Politik sesungguhnya banyak berurusan dengan soal
etika. Dan ketika belakangan ini publik dikejutkan dengan kasus
Bupati Garut Aceng Fikri yang digugat oleh perempuan usia 18 tahun,
yang diceraikan setelah dinikahi empat hari sebelumnya, maka ia
segera dihadapkan pada etika dan kehormatan pejabat publik.
Diberitakan, Kementerian Dalam Negeri kemungkinan akan memasukkan
sejumlah usulan aturan pembentukan badan kehormatan kepala daerah.
Aturan pembentukan badan kehormatan ini dianggap perlu untuk
menangani tindakan pejabat pemerintah yang dianggap melanggar
peraturan. Sementara, DPRD Garut telah menggelar sidang khusus untuk
membahas tanggapan dewan atas derasnya protes terhadap Bupati Garut.
Aceng sendiri terpilih lewat jalur independen sebagai bupati tahun
2008. Ia dipandang cukup kontroversial selama ini, dalam beberapa
kasus. Tetapi kasus perempuan itu, puncaknya. Kritik pedas dari
jejaring sosial hingga aksi demonstrasi masyarakat Garut menuntut
pengunduran dirinya masih terus muncul hingga sekarang. Kasusnya
telah menjadi isu nasional.
Ini adalah suatu potret dimana pejabat publik
disorot oleh kasus yang dipandang tidak etis atau tidak pantas
dilakukan. Terlepas dari detil kasusnya, serta alasan-alasan khusus
sang bupati, tentu publik segera memperoleh peluru untuk
memprotesnya. Pemimpin adalah sosok teladan, sehingga, bahkan
kehidupan pribadinya pun dipandang penting dan relevan untuk
dipersoalkan. Kita tahu bahwa pemimpin ideal, bukannya yang tidak
pernah berbuat salah (can’t do no wrong), karena dalam alam
demokrasi kepemimpinan politik selalu dikoreksi. Tetapi, dalam ukuran
etika yang bisa longgar dan sempit, persepsi tentang kehidupan
pribadi pemimpin bisa menjadi soal. Soal poligami saja, misalnya,
banyak yang menentang soal itu, kalau dilakukan pejabat publik. Sudah
banyak kejadian, pejabat publik kita yang mundur, karena kehidupan
pribadinya terbongkar.
Masih belum lekang dalam ingatan mundurnya Direktur
CIA David Petraeus, 60 tahun, akibat skandal perselingkuhan. Kasus
ini menghebohkan tak hanya jagat intelijen, tetapi juga politik.
Bagaimanapun ia pejabat publik dan ia harus bertanggungjawab dengan
perbuatannya.

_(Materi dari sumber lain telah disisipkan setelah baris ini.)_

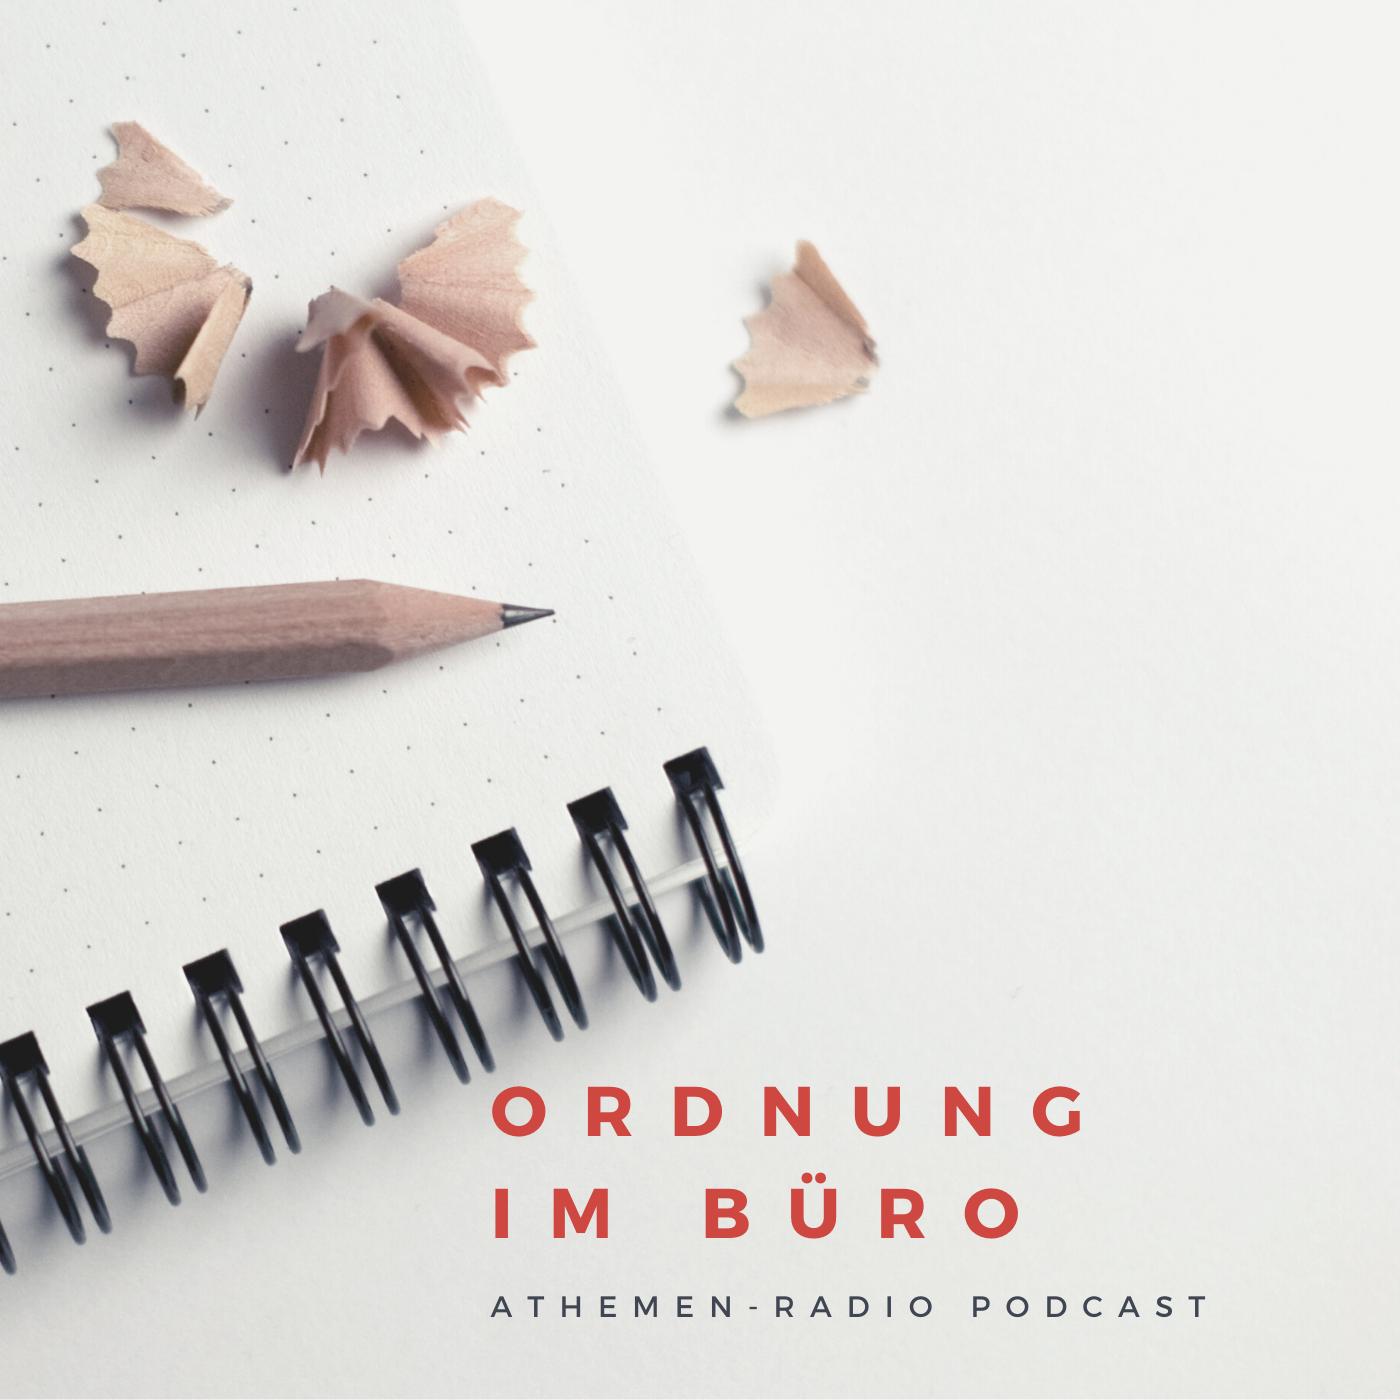 Themen-Radio.de

Nah, apabila di Amerika Serikat, yang nilai-nilai
masyarakatnya lebih liberal ketimbang kita saja, ada hal-hal yang
secara etis tidak dapat ditoleransi, tentu kita sebagai bagian dari
masyarakat Timur yang lebih konservatif, juga tidak akan memberi
toleransi terhadap hal yang sama. Bahwa, ketika orang sudah menjadi
pejabat publik, maka moralitasnya dipersepsikan lebih dari rata-rata.
Moralitas pribadi pejabat publik ialah moralitas publik itu sendiri.
Di kita, dan tampaknya di mana-mana juga demikian,
pemimpin adaah panutan alias suri teladan. Karenanya melekat sekali
di dalamnya, dimensi etis. Etika sesungguhnya tidak langsung terkait
dengan hukum formal yang kaku. Tetapi, pelanggaran etika juga dapat
berakibat pelanggaran hukum. Dan seringkali pelanggaran etika,
dipandang jauh lebih besar daya rusaknya ketimbang pelanggaran hukum
formal. Terhukum secara etis, tampaknya jauh lebih berat ketimbang,
terhukum secara formal di pengadilan. Jadi, tampaknya persoalan etika
pejabat publik ini tidak main-main. Ia bukan urusan sepele. Rakyat
dalam demokrasi langsung memilih pemimpinnya. Tetapi, tetap saja
rakyat tidak menyodorkan blangko kosong secara etis. Mereka butuh
teladan, dan bahkan di luar ekspektasi banyak elite politik, yakni
rakyat membutuhkan pemimpin yang mendekati sempurna. Begitu
ketidaksempurnaan itu menyembul, maka rakyat resah. Dan keresahannya
itu membludak ke dalam aneka reaksi.